Exercise requirements >>
Beginning with the line that holds "Classic Santa Claus With Snow: Stock Photos", write out each line exactly as it stands until the end of the data, and include no pictures.

Provided data >>

..............................

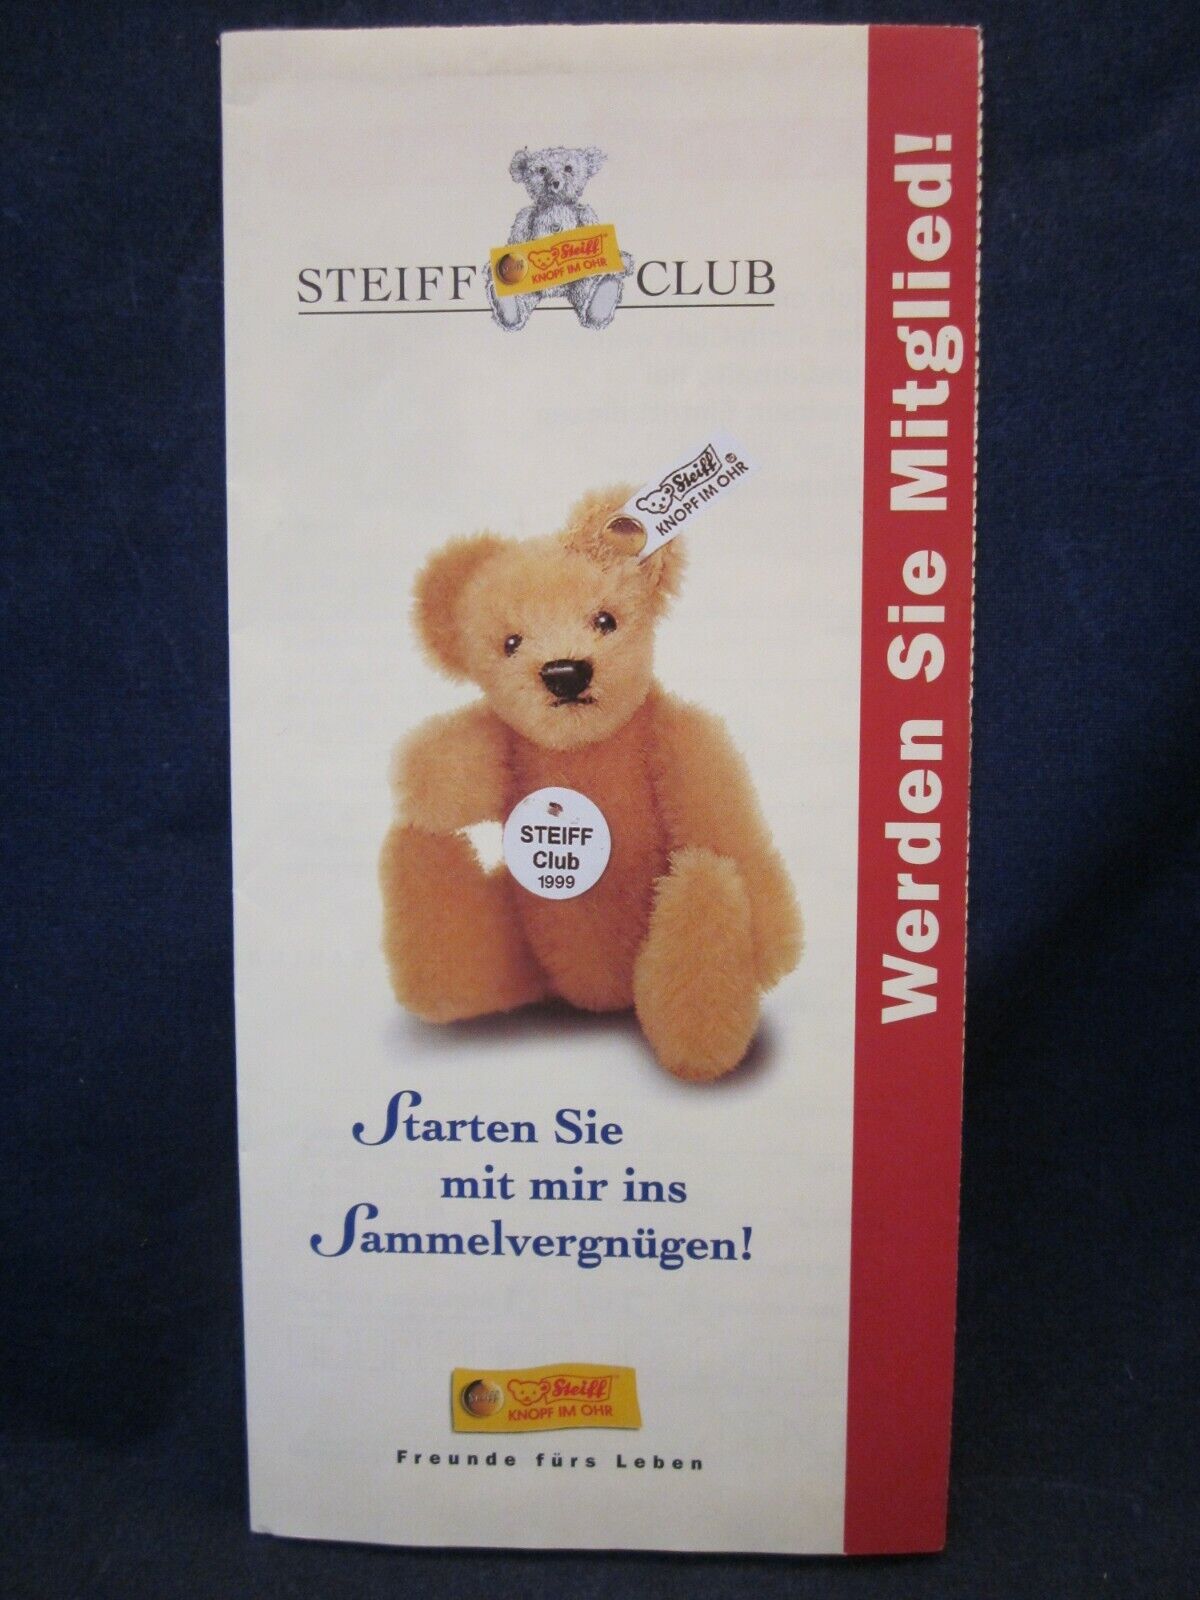 Steiff Club Application in GERMAN VINTAGE EXCELLENT
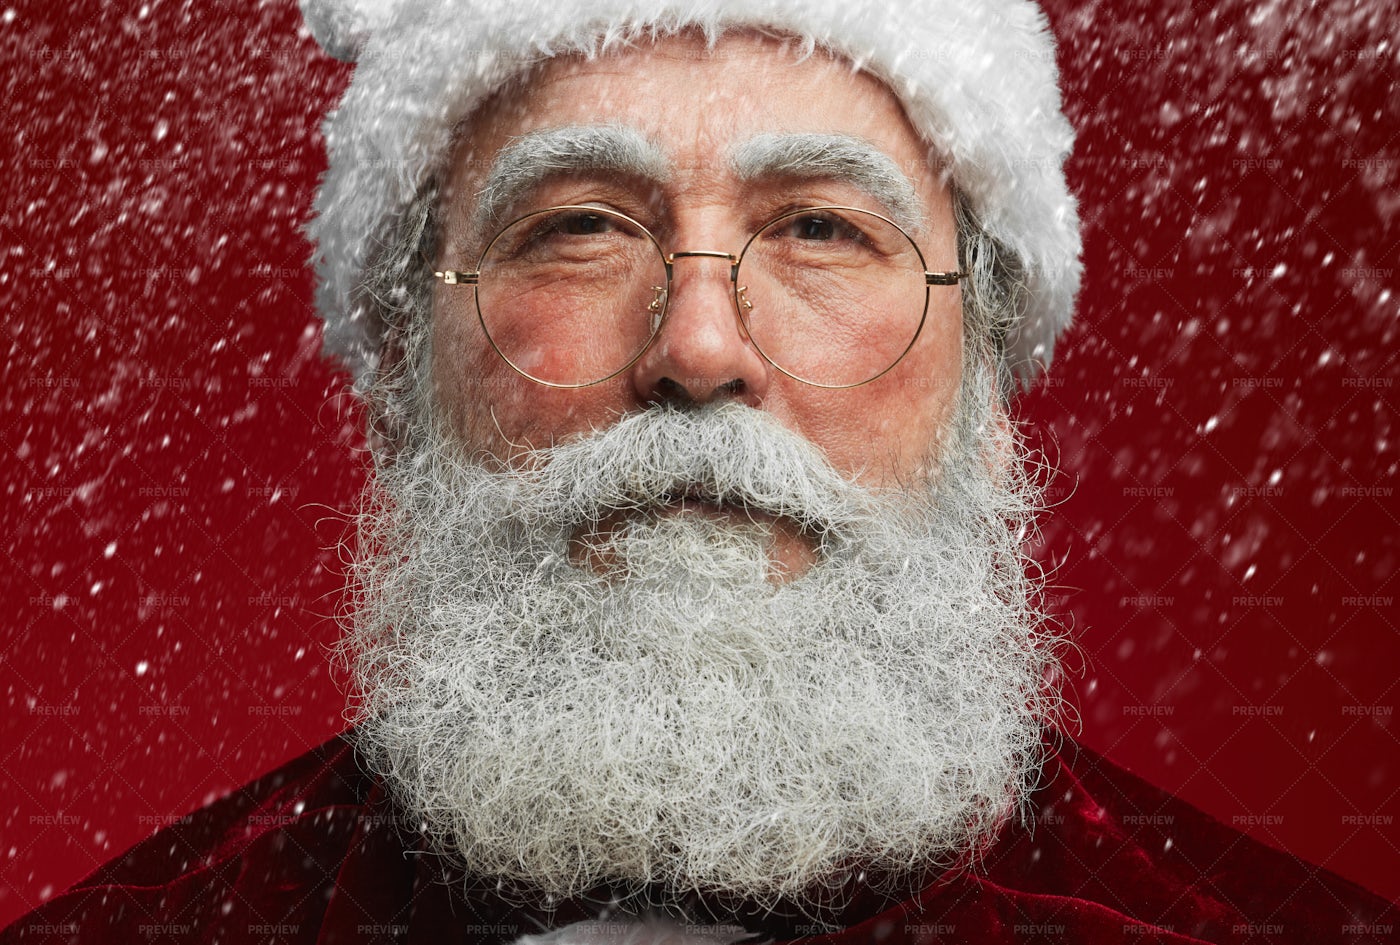 Classic Santa Claus With Snow: Stock Photos
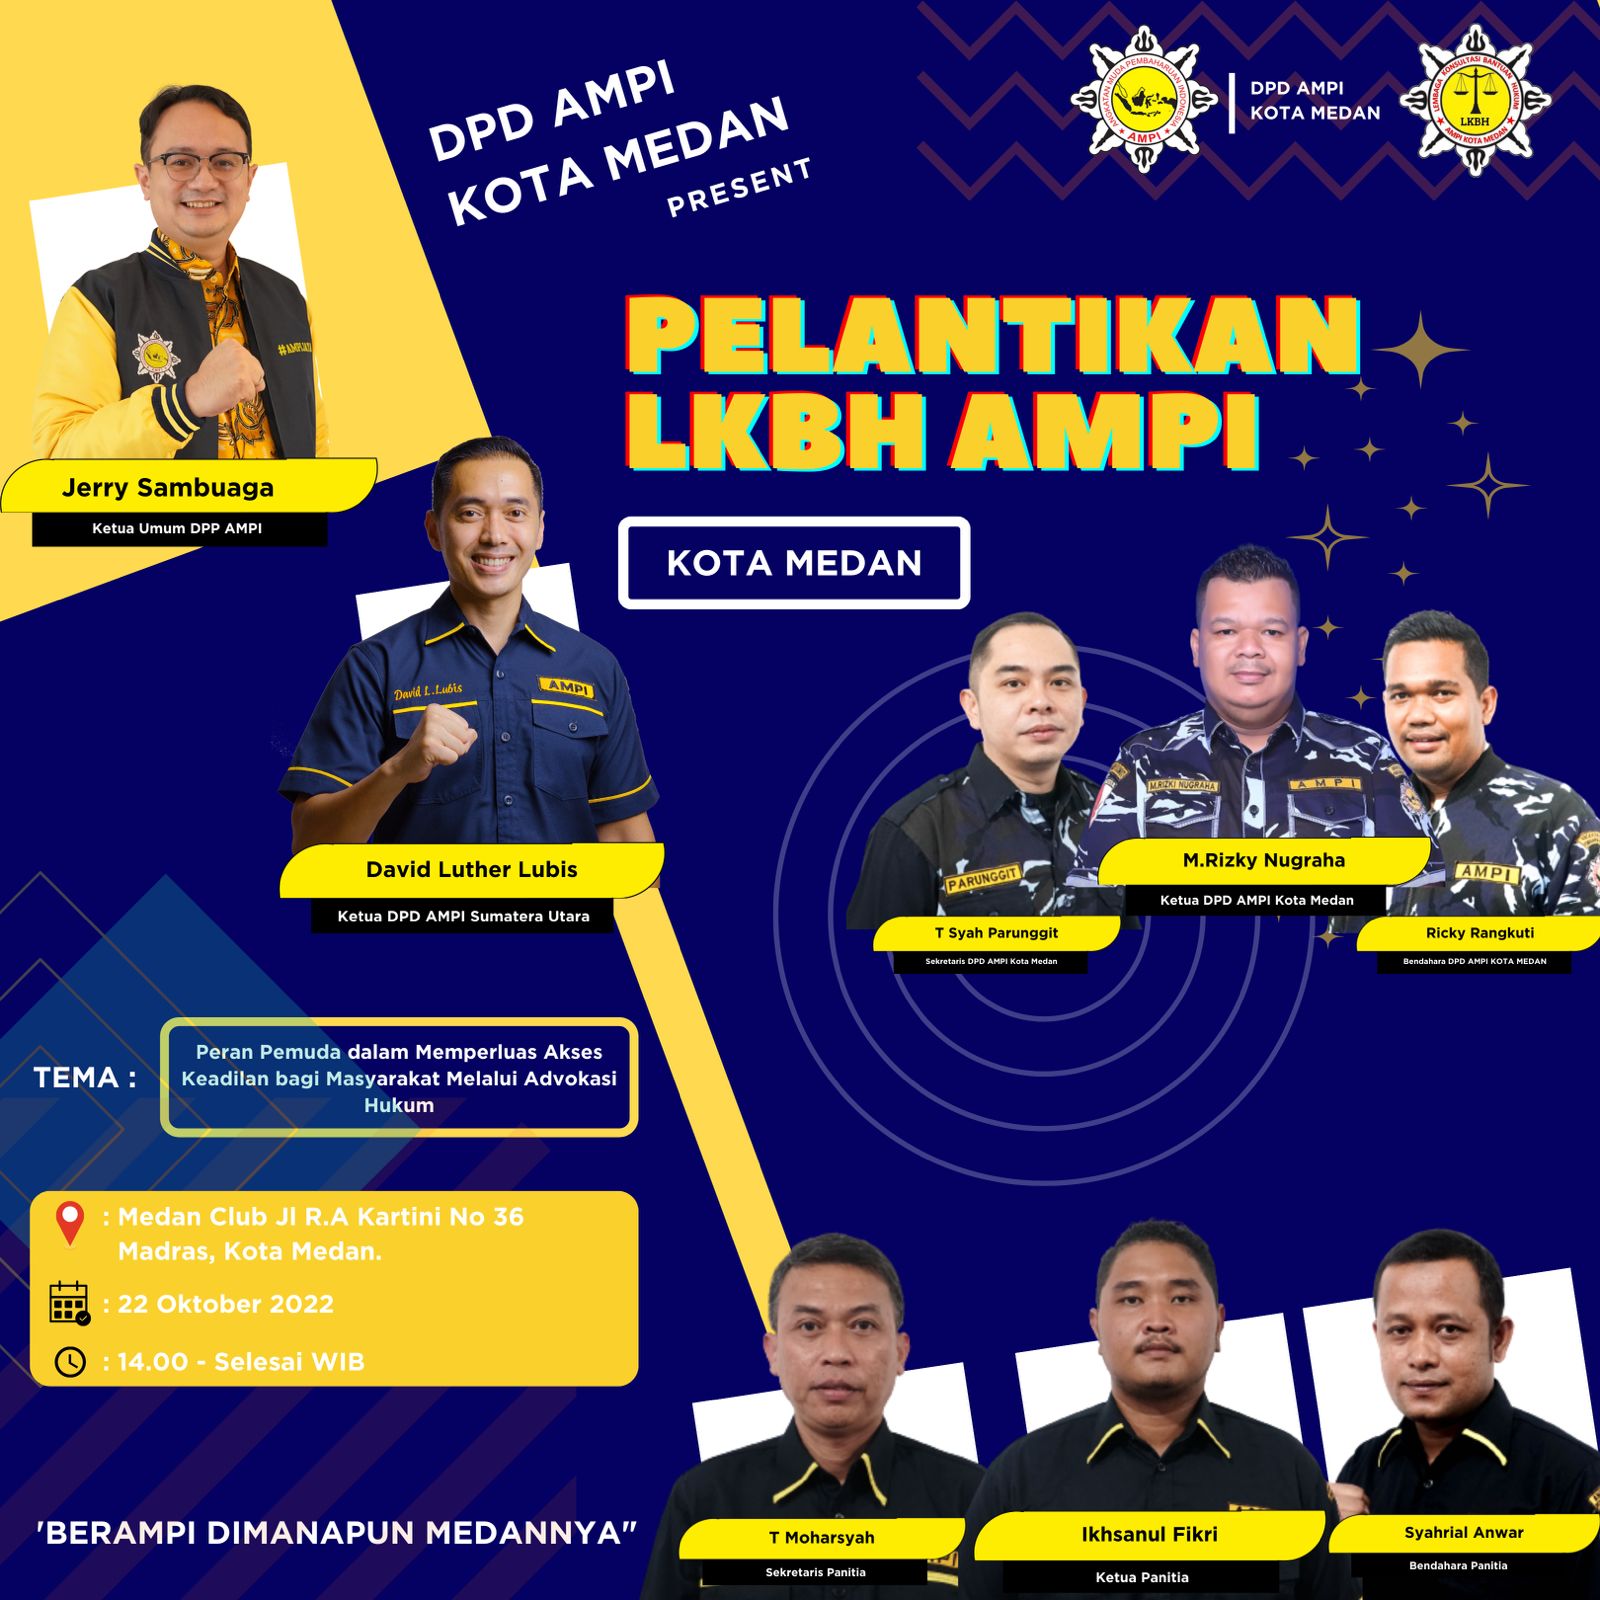 Hari Ini, Raja Makayasa Harahap Di Lantik Menjadi Direktur LKBH DPD AMPI Kota Medan Periode 2022-2027

..............................

Exercise solution >>
 Classic Santa Claus With Snow: Stock Photos
 Hari Ini, Raja Makayasa Harahap Di Lantik Menjadi Direktur LKBH DPD AMPI Kota Medan Periode 2022-2027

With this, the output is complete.